白岑的意識不斷下墜,直到終於落入一片奇異空間之中。
在這裡,沒有空氣流動的觸感,沒有光線映照的明暗,沒有聲音傳遞的震蕩,可她卻能清晰地“感知”到周圍的存在。
仿佛整個空間由純粹的意識構成,每一道“意念”都能被精準捕捉。
這種感覺太過詭異,她下意識想要呼吸,卻發現根本不需要呼吸。
“我死了嗎?”這個念頭一出現,就如骨附蛆,讓她渾身不適。
末世掙紮至今,她從未如此懼怕過“死亡”,不是怕消散,而是總覺得自己還有事情要完成。
就在恐慌攫住白岑之際,兩道模糊的輪廓緩緩靠近。
它們沒有具體的形態,像是被光暈包裹的影子,可那股熟悉的氣息,卻像烙印般刻在她的靈魂裡,讓她瞬間紅了眼眶。
“小岑。”一道溫和的意念傳入她的意識。
“你怎麼到這裡來了?快回去,這不是你該來的地方。”那聲音裡帶著一絲疼惜與急切,卻是如此熟悉。

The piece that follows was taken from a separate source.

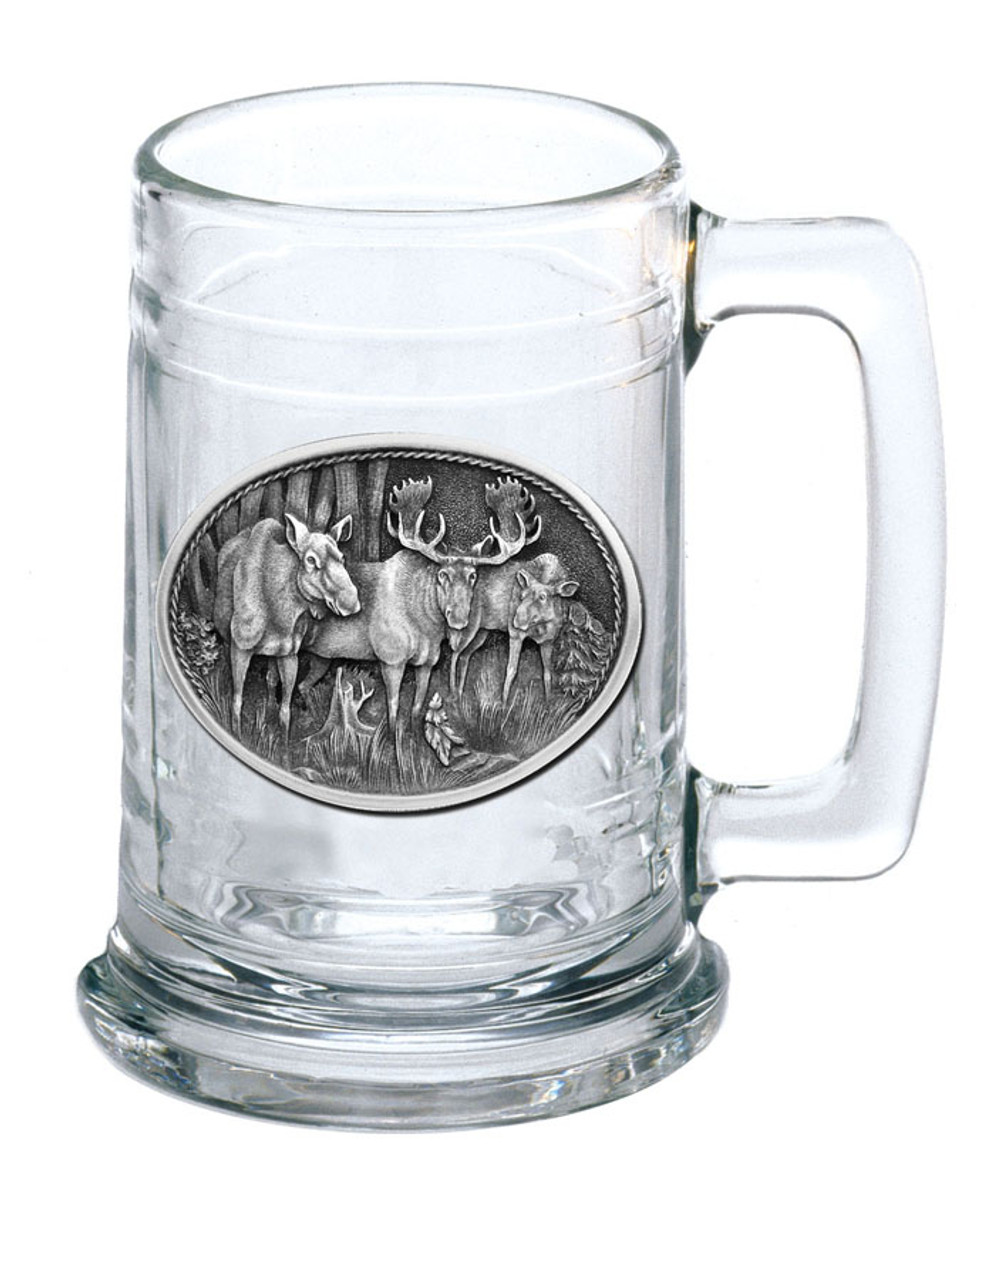 Glass Stein 15oz with Wildlife Pewter

“對,你現在還不能來。你的使命還沒完成。”另一道意念同樣溫柔,卻多了幾分堅定。
是爸爸!是媽媽!
白岑的意識劇烈波動,想要撲過去抓住那兩道輪廓,可它們卻像水中月、鏡中花,觸不可及。
“彆擔心,我們很好。等你完成使命,我們自然會再見的。”兩道輪廓似乎輕輕歎息,光暈微微顫抖。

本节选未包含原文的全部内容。